Un caleidoscopio di “dance leggerissima” – nell’accezione acuta di Colapesce Dimartino – nel quale fiati e tastiere sono un elemento distintivo impreziosito dai riff di basso e chitarra. Diana Ross (I’m coming out e Upside down), Sister Sledge (He’s the greatest dancer, We are family, Lost in music) e Sheila (una spaziale versione di Spacer) hanno trasformato l’Arena in una maxi disco, un po’ Studio 54, un po’ Saturday night fever, ma senza alcuna operazione nostalgia. Notorius dei Duran, Let’s Dance di Bowie, Get lucky dei Daft Punk e Cuff it di Beyoncé hanno fatto il resto preparando il pubblico al rush finale nel quale con Thinking of you (versione Sister Sledge) non è mancato il pensiero per il “fratello” Bernard Edwards (scomparso nel 1996) con cui ha coniato il marchio e il suono Chic, uno slancio ribadito prima di aprire al gran finale. «Siete pronti ad avere good times?». Il singolo del 1979 suona come una grande jam e gli otto minuti dell’album Risquée (proposto anche con le ottime My forbidden lover e My feet keep dancing) sono sembrati un’inerzia rispetto agli oltre dieci minuti nei quali Nile ha improvvisato e interpretato anche Rapper’s delight. Perché con lui e il marchio Chic, molte canzoni hanno vissuto anche due o tre vite: è successo nel 1980 con la Sugarhill Gang, ma in seguito anche con Soup for one (Lady di Mojo) o Spacer che nei primi Duemila è tornata con gli Alcazar e il successo planetario Crying at the discoteque.

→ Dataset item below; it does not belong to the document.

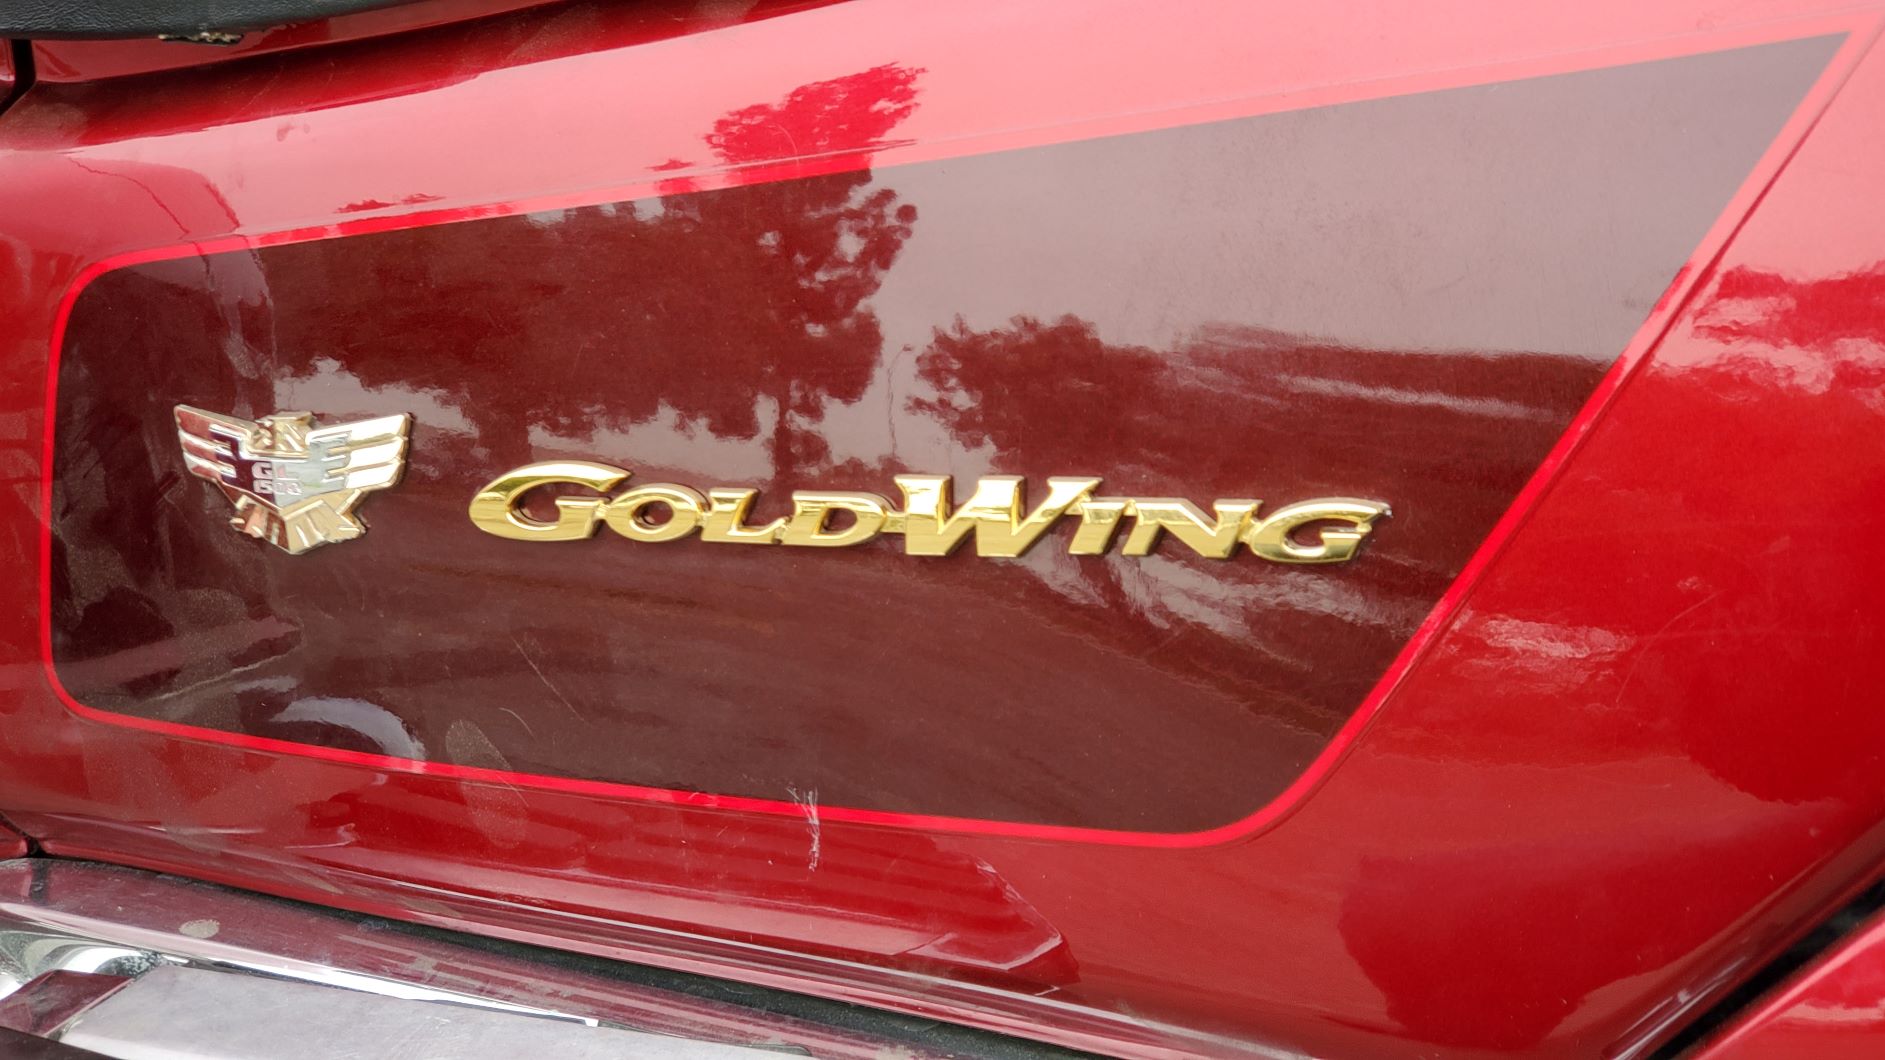 Honda Goldwing 1500 se, albesadv, honda motorcycle, albe's adv, goldwing

Un evento simbolo di questa edizione da record che ha segnato il numero più alto di biglietti staccati, 42mila, e un incasso che con 2,4 milioni lambisce l’importo raggiunto lo scorso anno per il cinquantennale. Ha contribuito a successo in termini di paganti il Teatro Morlacchi, dedicato al jazz più ortodosso, che ha totalizzato oltre 5 mila ingressi, 2mila alla Sala Podiani della Galleria Nazionale dell’Umbria. Anche i numeri del web promuovono questa edizione con circa un milione di contatti digitali e 10 terabyte di materiale multimediale tra video e foto realizzati dal media center Uj.